In the last decade, liquid chromatography (LC) has been used for the detection of multiresidues [7, 10, 11] and single families of antibiotics, including macrolides [12, 13], quinolones [14, 15], and sulfonamides [16, 17]. LC coupled to an ultraviolet (UV) source or diode array [16, 18, 19], fluorescence [20], a time-of-flight (TOF) analyzer [21], or biosensor [22] has been used to detect antibiotics. Meanwhile, LC coupled to tandem mass spectrometry (LC–MS/MS) has become a promising technique for the analysis of antibiotics due to its selectivity and sensitivity at low concentrations.
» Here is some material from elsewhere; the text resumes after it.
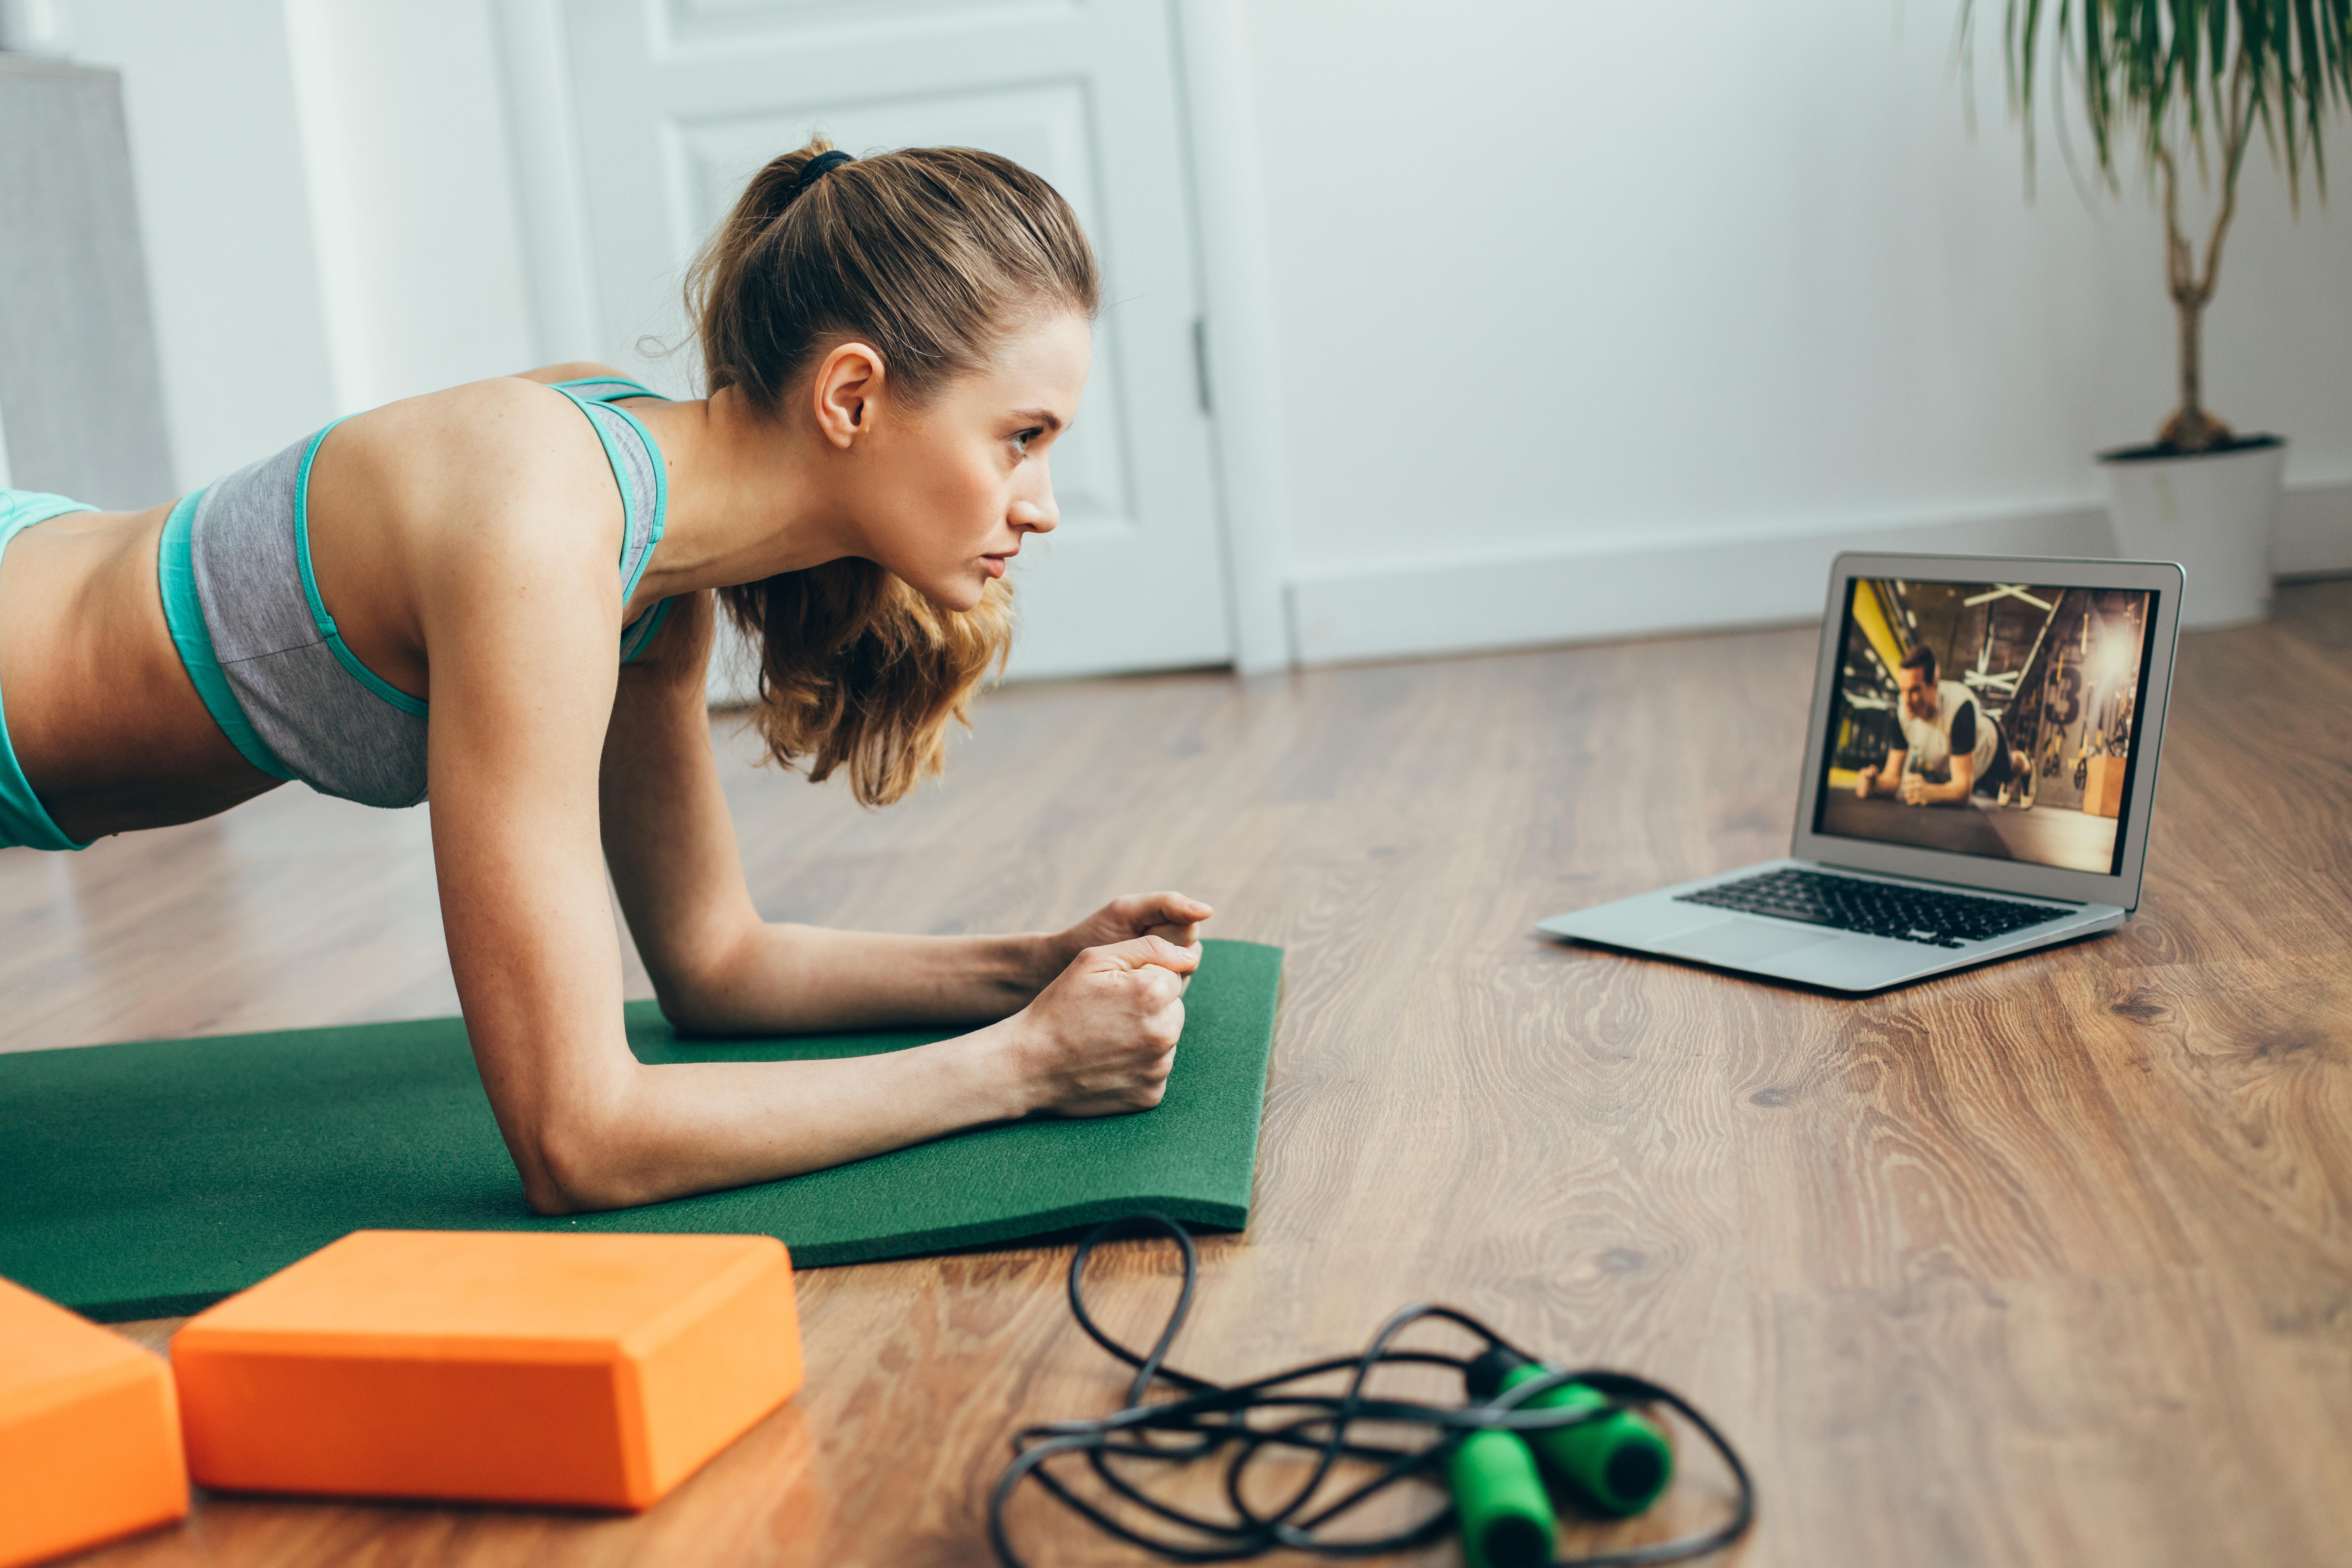 L'exercice peut prévenir ou au moins réduire la gravité du syndrome de détresse respiratoire aiguë qui affecte entre 3% et 17% des patients atteints de COVID-19.

The selectivity can be further increased when ultra-high performance LC (UHPLC) is used with MS/MS [7].

However, the different physicochemical properties of antibiotics make it difficult to extract and clean these analytes simultaneously. Current available methods include solid-phase extraction (SPE) [21] and pressurized liquid extraction (PLE) [11], but these techniques are tedious and time-consuming. In the last few years, a modified extraction procedure known as QuEChERS (quick, easy, cheap, effective, rugged, and safe) has been used for the extraction and purification of a variety of chemicals, including antibiotics and veterinary drugs in many matrices [4], such as bees [23], fish, and other edible tissues [8]; however, few studies have applied it to the assessment of eggs, including preserved eggs.
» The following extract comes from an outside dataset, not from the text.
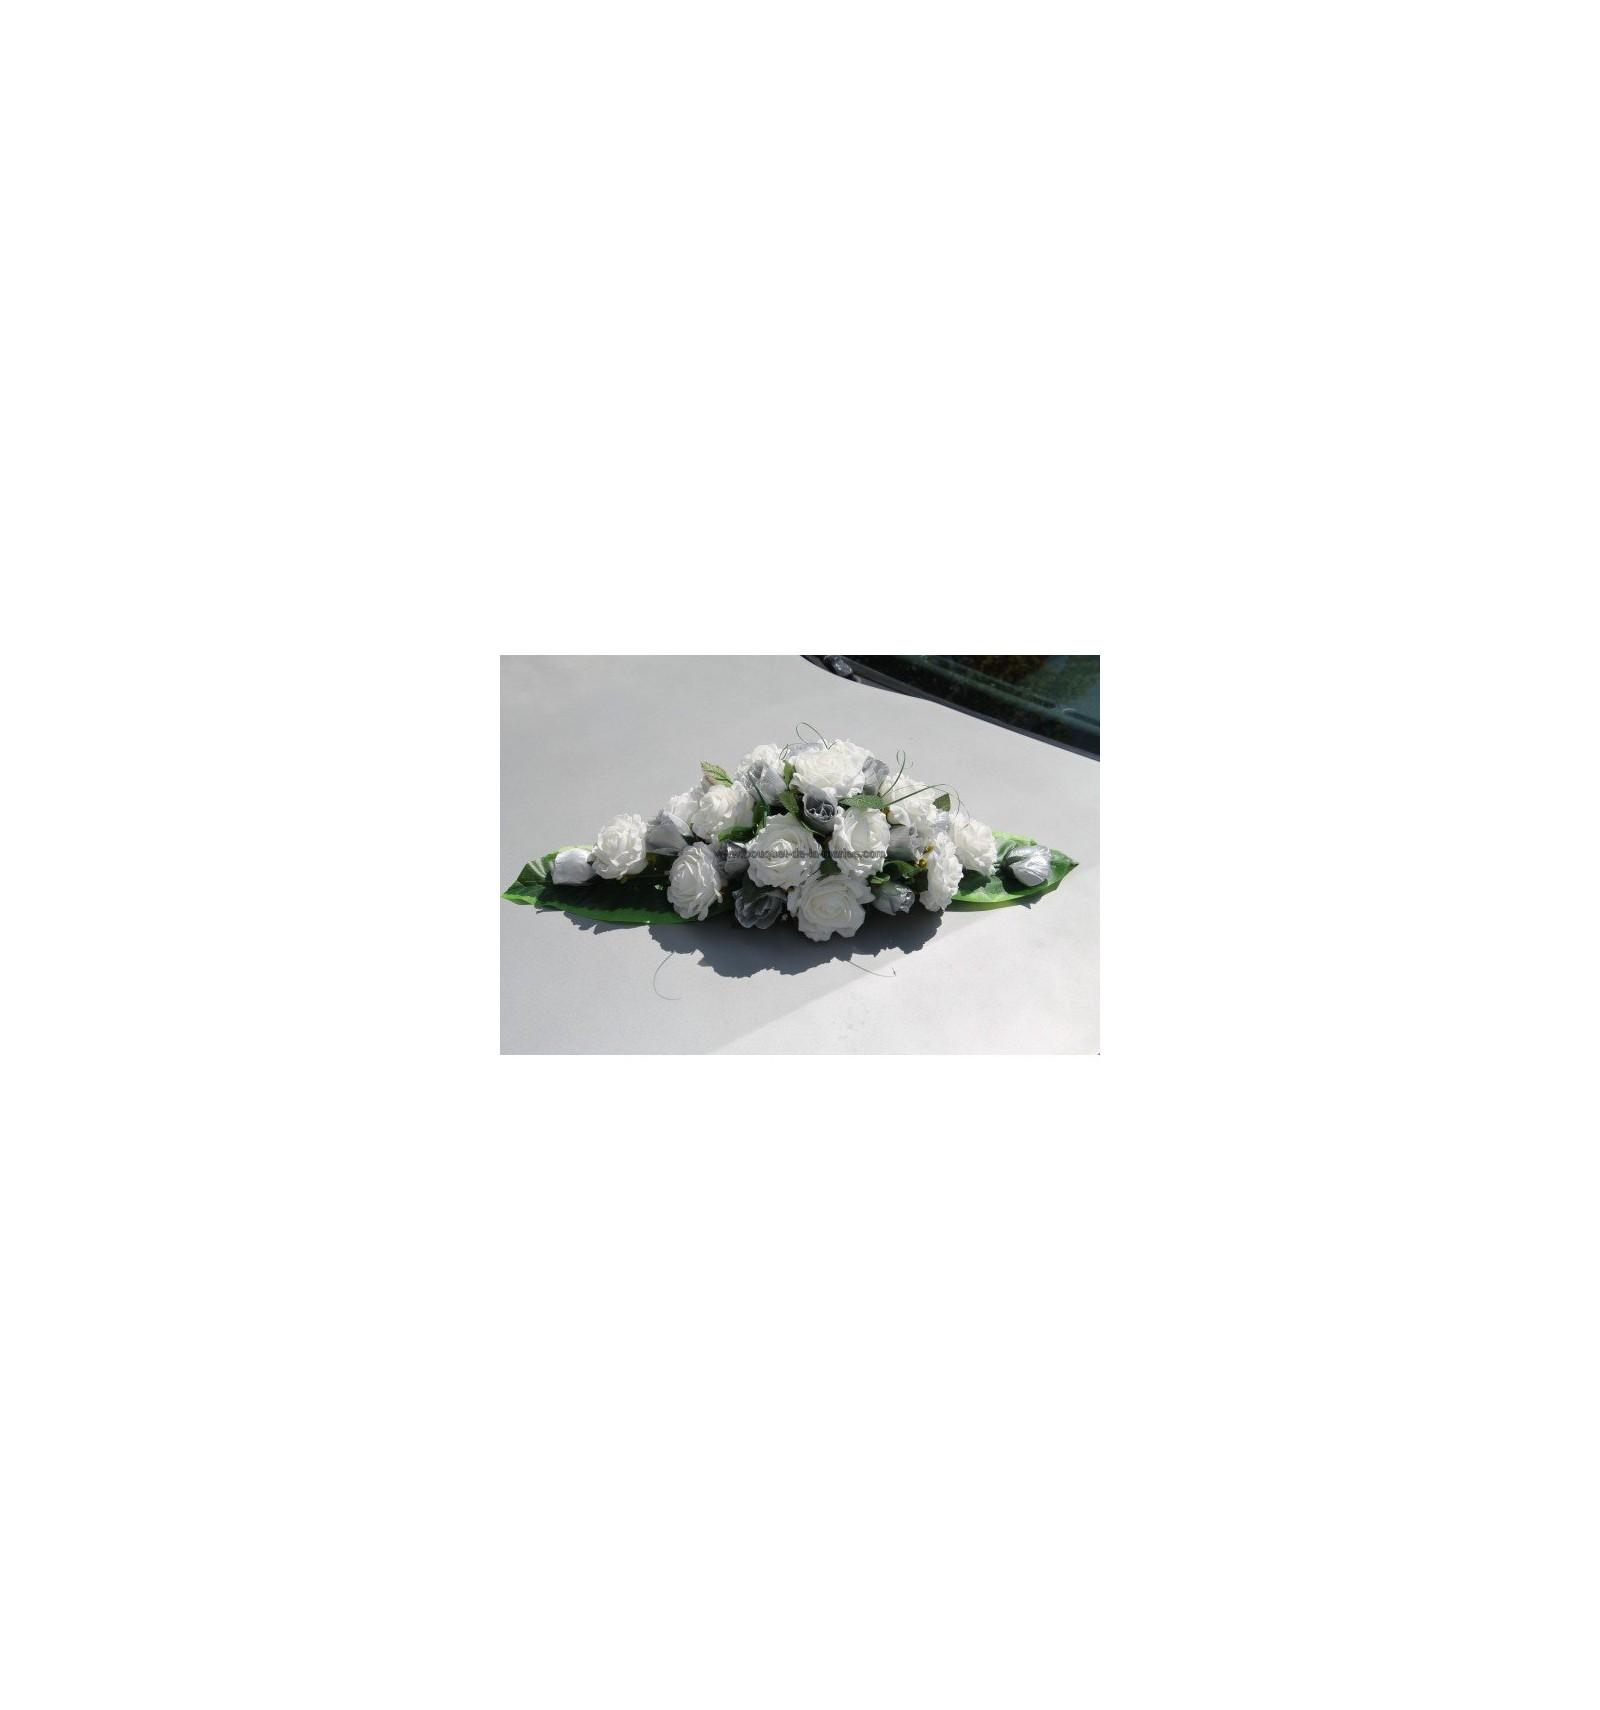 Decoration Voiture Mariage Gris Et Rose : Decoration voiture mariage gris et rose design de maison

In this study, a modified QuEChERS sample extraction and dispersive SPE cleanup method was developed with UHPLC–MS/MS analysis for the simultaneous determination of 16 antibiotics in preserved eggs. The method was found to be rapid, safe, sensitive, and cheap and was applied to determine the antibiotic residues in preserved egg samples.

Materials and Methods

Chemicals and Reagents

Antibiotic standards (roxithromycin, azithromycin, clarithromycin, erythromycin, sparfloxacin, lomefloxacin, sulfachloropyridazine, enrofloxacin, sulfamethoxydiazine, sulfameter, sulfamonomethoxine, sulfadimidine, sulfamethazine, sufisomezole, and sulfadiazine) were purchased from Dr. Ehrenstorfer (Augsburg, Germany), while gatifloxacin was supplied by Toronto Research Chemicals Inc. (Canada).

HPLC-grade acetonitrile (ACN) and ammonium acetate were supplied by Tedia (Ohio State, USA), formic acid (purity, >99%) was obtained from Roe Scientific Inc. (USA), and ultrapure water was prepared by a Milli-Q gradient water system (Millipore, Bedford, MA, USA). Bondesil-C18 (40 μm, 100 g), primary secondary amine (PSA; 40 μm, 100 g), and graphitized carbon black (GCB) were obtained from Agilent (CA, USA). Acetic acid (purity, >99.8%) was supplied by CNW Technologies GmbH (Germany). Anhydrous magnesium sulfate (MgSO4) and sodium chloride (NaCl) were supplied by Sinopharm Chemical Reagent Co., Ltd. (Shanghai, China). Nylon filters (0.22 μm) were purchased from Tianjin Jinteng Experiment Equipment Co., Ltd. (Tianjin, China).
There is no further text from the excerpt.